Russia, U.S. seen closing in on arms deal
WASHINGTON |
WASHINGTON (Reuters) - In another era, the world's fate could hang in the balance.
U.S. and Russian officials appear tantalizingly close to a new arms deal to replace the 1991 START treaty, the biggest nuclear weapons reduction in history and a lynching in the post-Cold War balance of power.
But despite the public optimism in Washington and Moscow, the existing START treaty lapsed on December 5 with no new agreement in place and officials are still unable to detail when and where the final version may be approved.
"I think both sides are committed to completing the START treaty. It is just a question of when that will be achieved," Secretary of State Hillary Clinton told reporters on Thursday.
Russian Foreign Minister Sergei Lavrov said the agreement would be signed "soon" and sources on both sides signal only a few elements remain to be worked out on the new treaty, which would further cut the nuclear arsenals of Russia and the United States.

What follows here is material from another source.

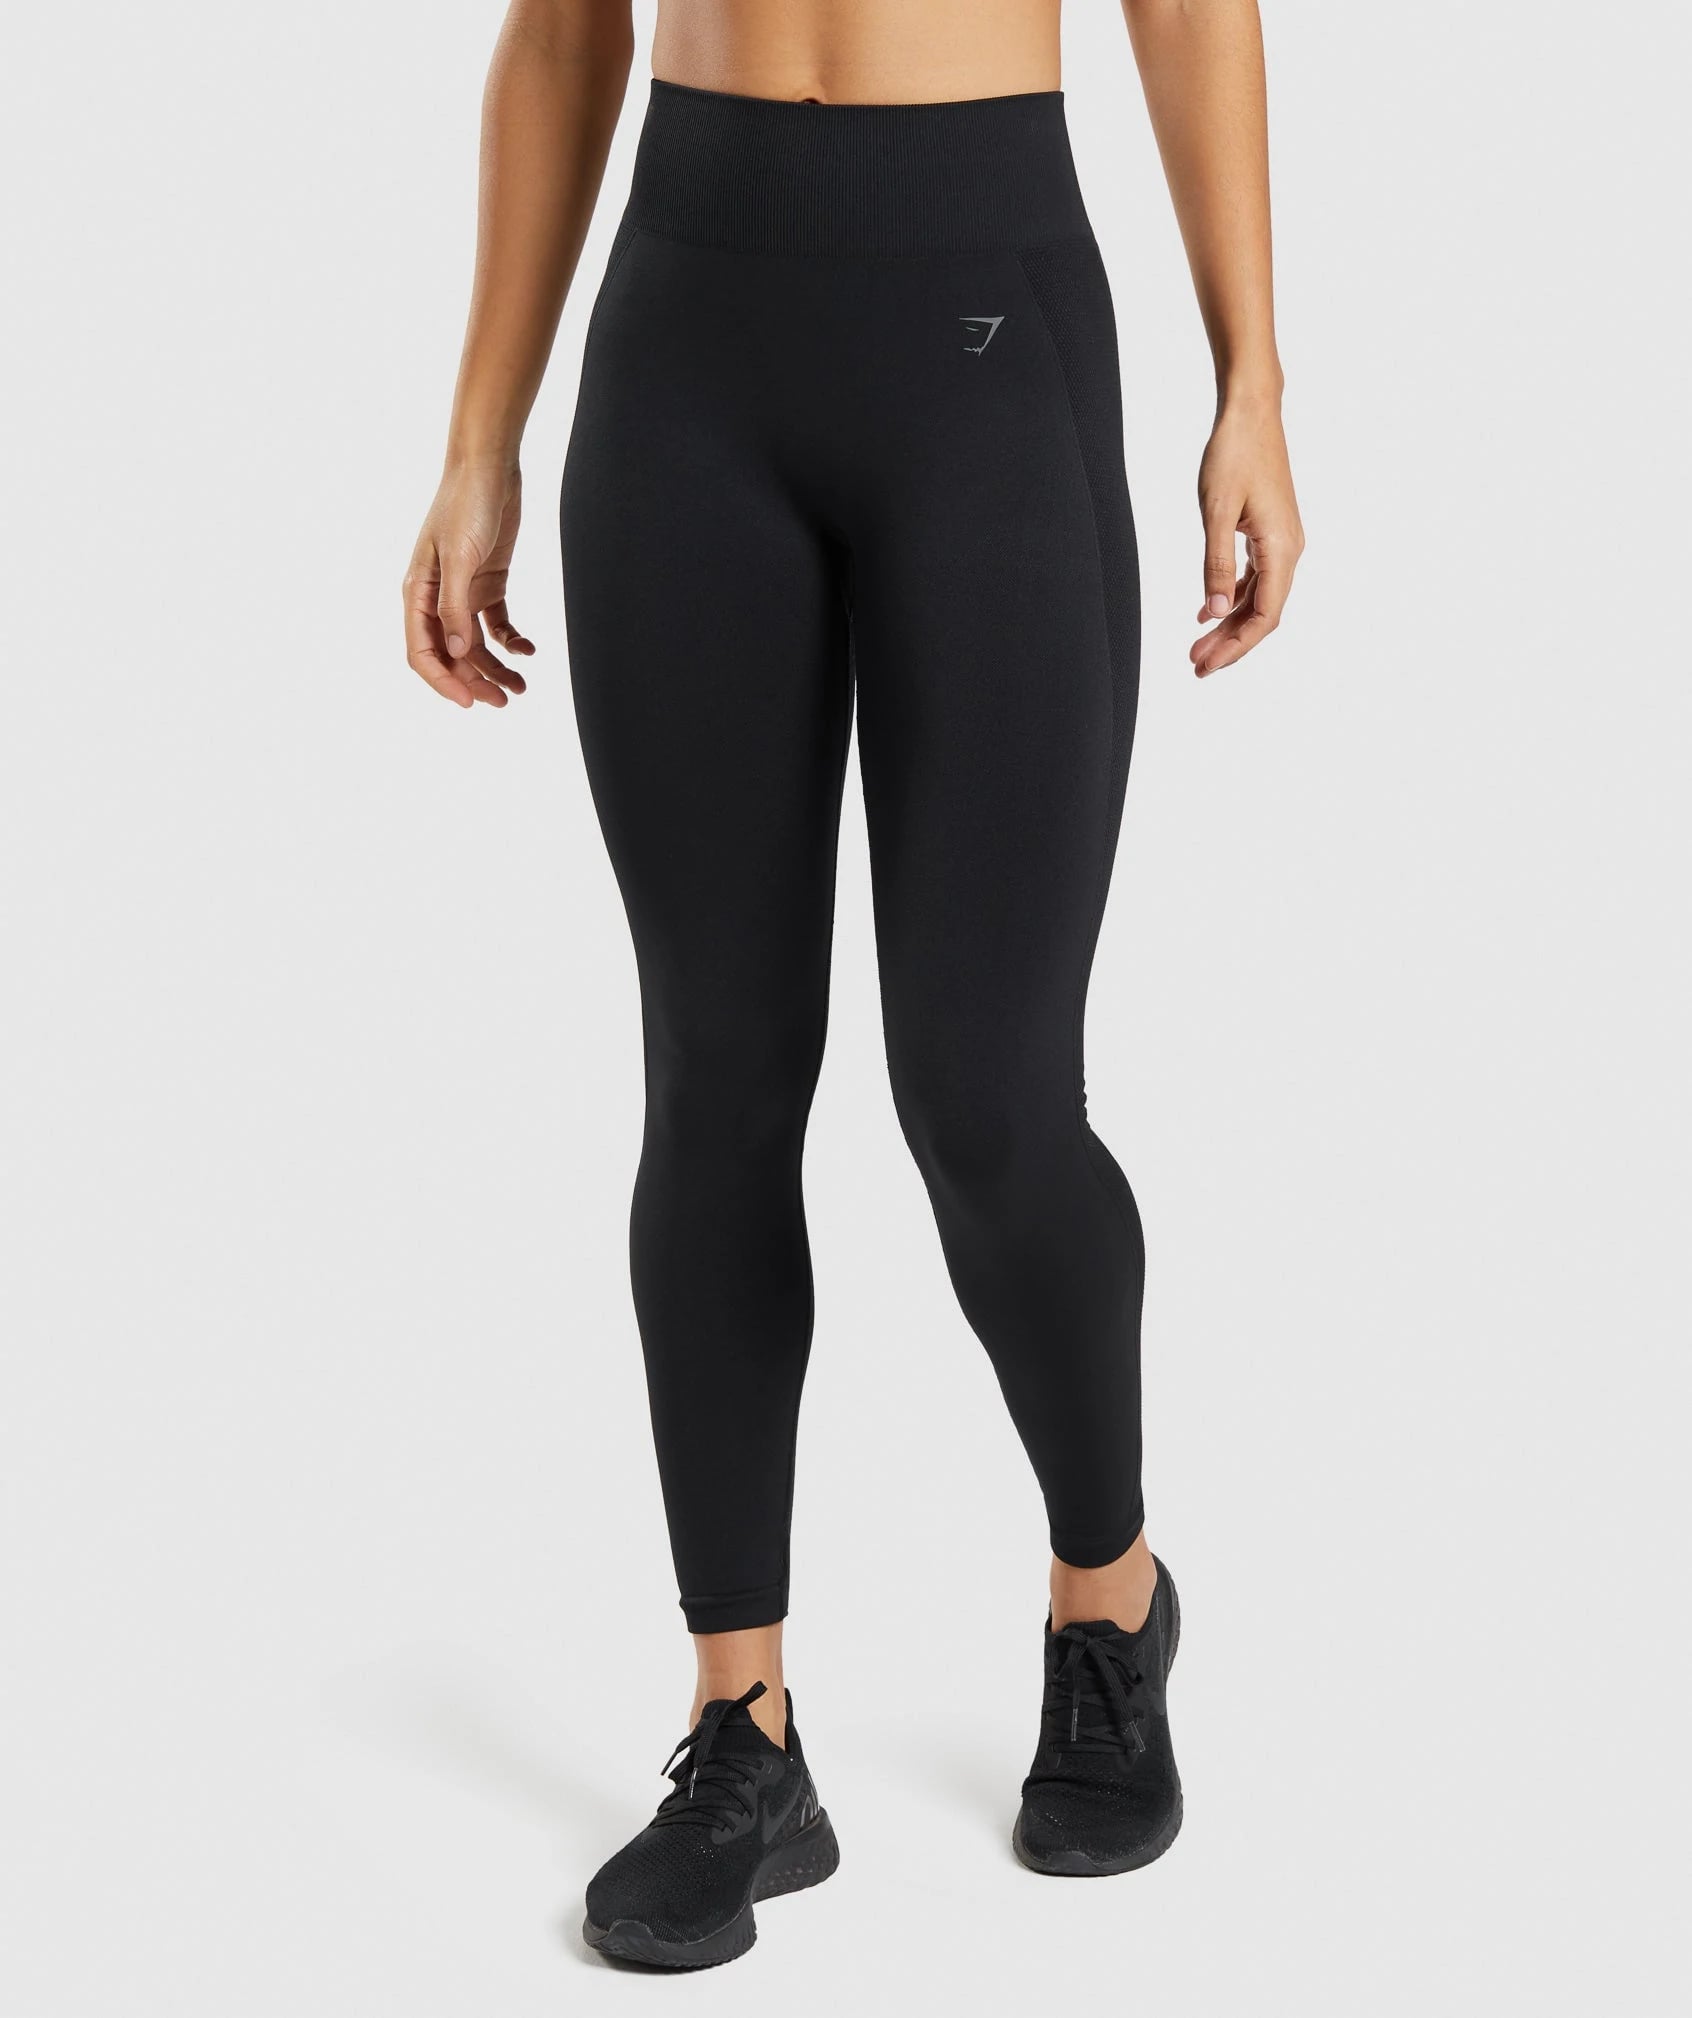 My gym shark leggings are seethrough. What can I do? - Quora

"They still are hard at it," State Department spokesman P.J. Crowley said on Thursday.
The new START treaty is part of an effort to "reset" U.S.-Russia relations and both sides have pledged to abide by the terms of the old agreement until a new version can be cemented into place.
Among the issues holding up the treaty were the numbers of allowable weapons and verification procedures, both of which require detailed discussion.
"Negotiations eventually get down to near the finish line when you have a small number of issues and those issues have a high level of complexity," Crowley said.
Last July, Obama and Medvedev outlined a framework for the new treaty, restricting deployed strategic warheads to between 1,500 and 1,675 while limiting the number of delivery platforms to between 500 and 1,100.
CONFIDENCE
Despite the slow going, analysts expect a new treaty by year's end -- saying both sides have too much invested politically to allow much more delay.
Many now point to Obama's trip to Copenhagen for the end of the global climate conference on December 18 as one possible moment for a signing ceremony.
"Everyone assumes they are going to get this done," said James Collins, a former U.S. ambassador to Russia now director of the Russia and Eurasia Program at the Carnegie Endowment for International Peace.
Collins said Obama and Russian President Dmitry Medvedev agreed on the need to reduce weapons stockpiles, and want a successor treaty to START before a major review of the Nuclear Non-Proliferation Treaty next year.
"It is one thing not to have inspection or verifications for a month or two, its quite another to not to have it for a year or two. In that case, you begin to lose confidence," said Collins. "Both have a great interest in the predictability of what the other side is doing."
But old habits die hard, and where some see due diligence others suspect diplomatic skullduggery.
One noted U.S. analyst suggested Russia may have purposefully delayed the negotiations to bring Obama down a peg before he collected his Nobel Peace Prize -- awarded on Thursday in recognition of his efforts to cut nuclear weapons.
"The Russians may have overplayed their hand, figuring (incorrectly) that Obama was so eager for a deal that he'd grant them last-minute concessions," Strobe Talbott, a Russia expert and president of the Brookings Institution wrote in a blog.
That drew a chuckle -- if not an outright denial -- from the State Department's Crowley: "That's kind of a Cold War kind of question," he told a news briefing.